Ya, stretching sering memunculkan suara “krek”. Hal ini biasanya terjadi karena:
- Pelepasan tekanan sendi
- Pergeseran tendon
- Pecahnya gelembung gas kecil
Stretching yang Aman Dilakukan
Beberapa gerakan ringan yang aman antara lain:
Peregangan Hamstring
Membantu mengurangi ketegangan kaki belakang.
Rotasi Bahu
Baik untuk pekerja yang sering duduk di depan komputer.
Cat-Cow Stretch
Membantu fleksibilitas tulang belakang.
Kapan Harus Periksa ke Dokter?
Jangan abaikan kondisi tertentu hanya karena mengira itu bunyi biasa.

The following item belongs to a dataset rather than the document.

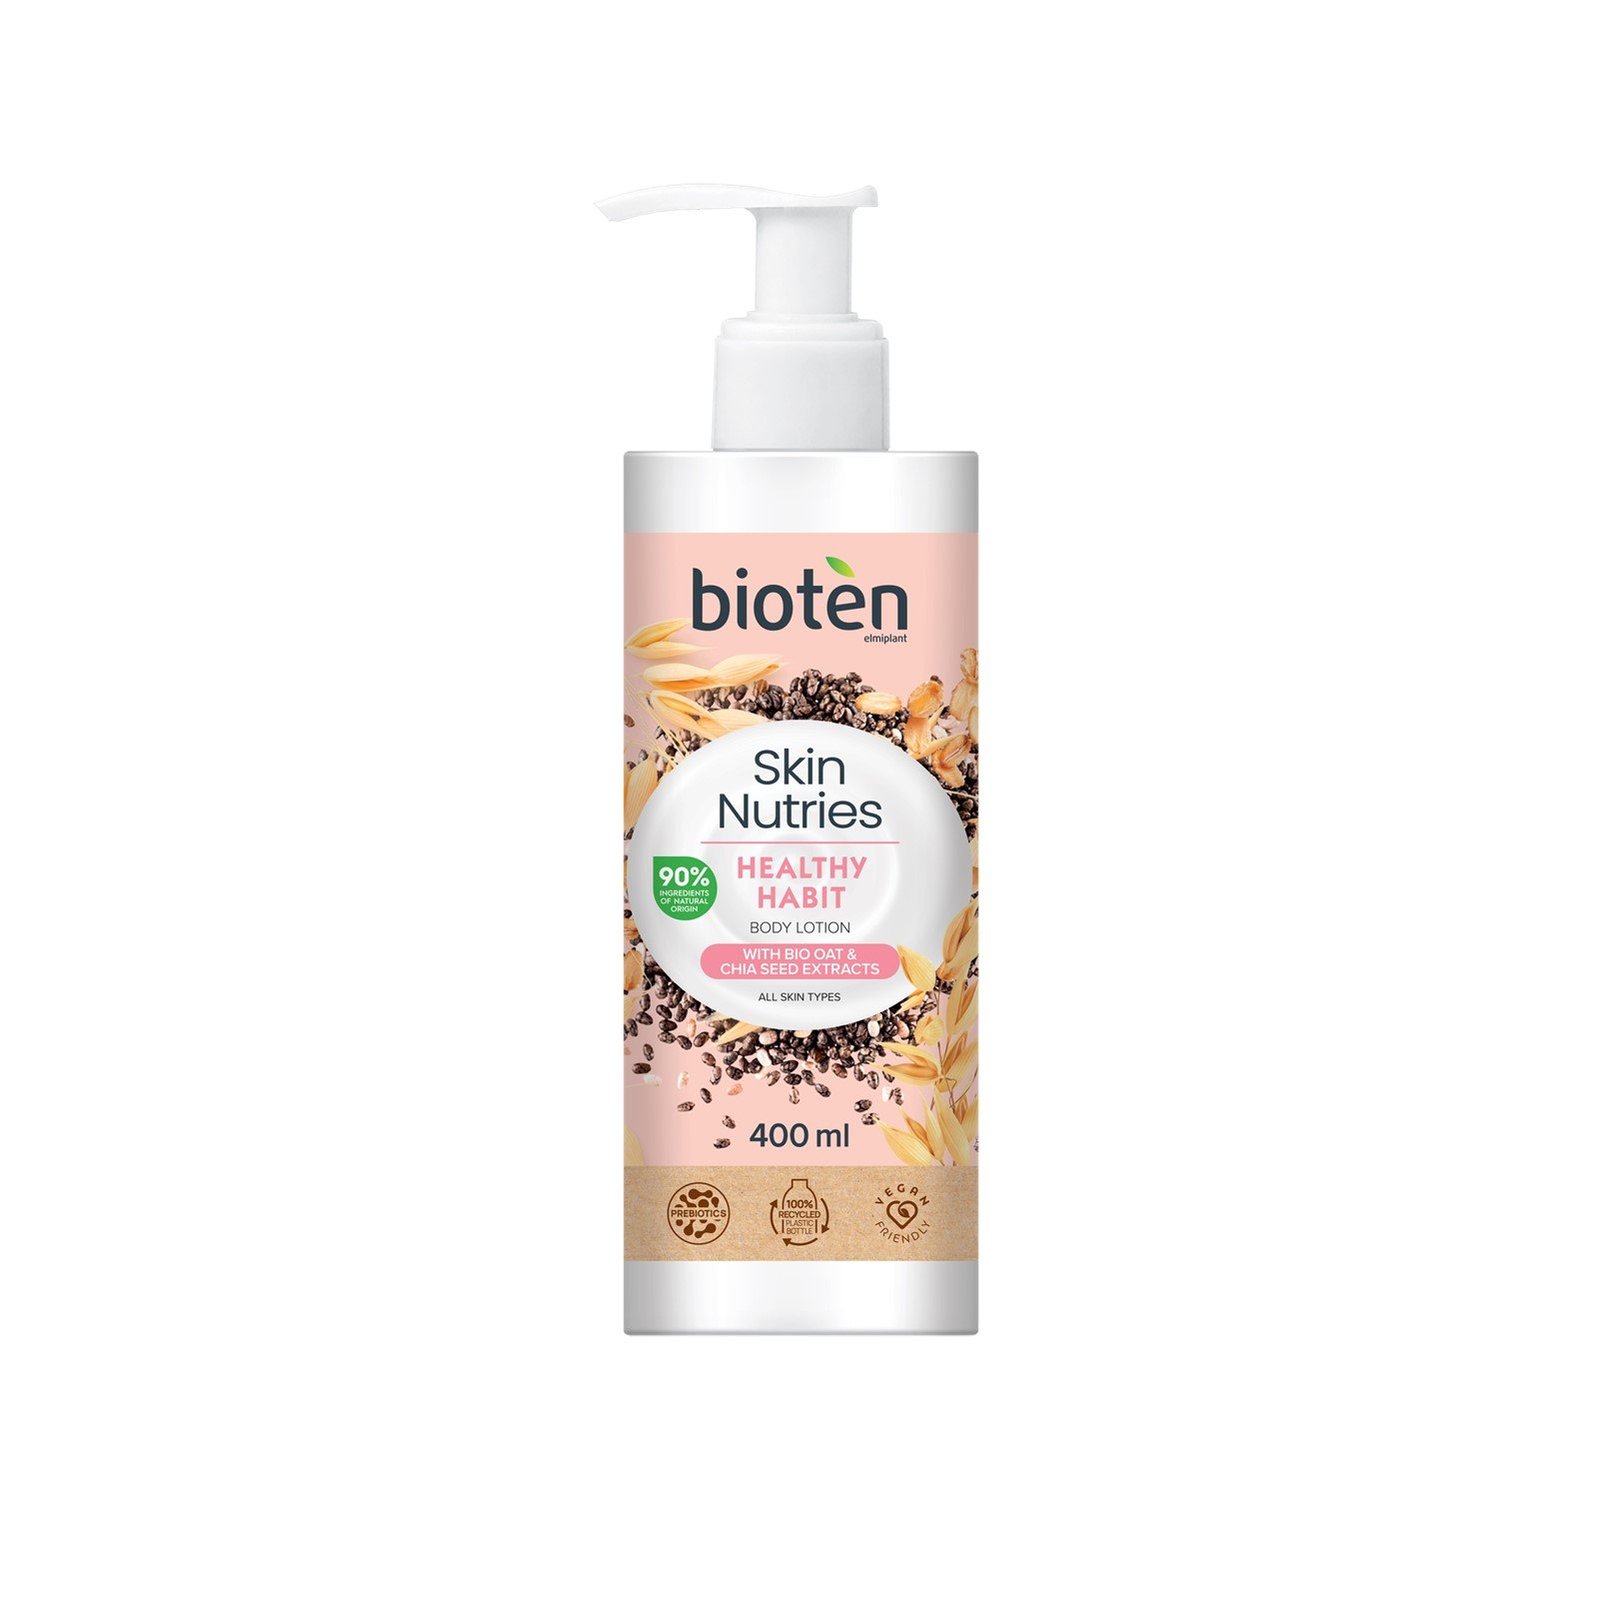 bioten Skin Nutries Healthy Habit Body Lotion 400ml

Segera Periksa Jika Mengalami:
- Nyeri lebih dari 3 hari
- Bengkak semakin besar
- Sendi terasa panas
- Sulit berjalan
- Mati rasa
- Bunyi terus berulang
Dokter biasanya akan melakukan pemeriksaan fisik atau MRI (Magnetic Resonance Imaging) jika diperlukan.
Mitos Tentang Bunyi Sendi yang Masih Dipercaya
Masih banyak orang salah paham soal bunyi sendi.
“Kalau Bunyi Berarti Tulang Bergeser”
Tidak selalu benar. Banyak bunyi berasal dari gas atau tendon, bukan tulang bergeser.
“Semua Bunyi Tanda Pengapuran”
Pengapuran biasanya terjadi pada usia lanjut dan memiliki gejala lain seperti nyeri kronis.
“Sendi Bunyi Berarti Harus Stop Olahraga”
Justru olahraga ringan membantu menjaga sendi tetap sehat jika dilakukan dengan benar.
Cara Menjaga Sendi Tetap Sehat dalam Jangka Panjang
Sendi sehat tidak hanya bergantung pada olahraga, tetapi juga pola hidup sehari-hari.
Tidur yang Cukup
Tubuh memperbaiki jaringan saat tidur malam.
Konsumsi Protein dan Kalsium
Nutrisi membantu menjaga kekuatan otot dan tulang.
Hindari Berat Badan Berlebih
Berat badan tinggi memberi tekanan ekstra pada lutut dan pinggul.
Tetap Aktif Bergerak
Kurang gerak justru membuat sendi makin kaku.
Bunyi “krek” saat olahraga memang sering membuat khawatir, tetapi tidak semuanya menandakan cedera serius. Dalam banyak kasus, suara tersebut hanyalah reaksi normal dari sendi, tendon, atau gelembung gas di dalam tubuh. Meski begitu, Anda tetap harus waspada jika bunyi disertai nyeri, bengkak, atau gerakan yang terasa tidak normal.
Memahami kapan bunyi sendi masih aman dan kapan harus diperiksa menjadi langkah penting agar aktivitas olahraga tetap nyaman dan minim risiko. Dengan pemanasan yang benar, teknik latihan yang tepat, serta menjaga kondisi tubuh tetap fit, bunyi “krek” saat olahraga bisa diminimalkan tanpa harus takut berlebihan.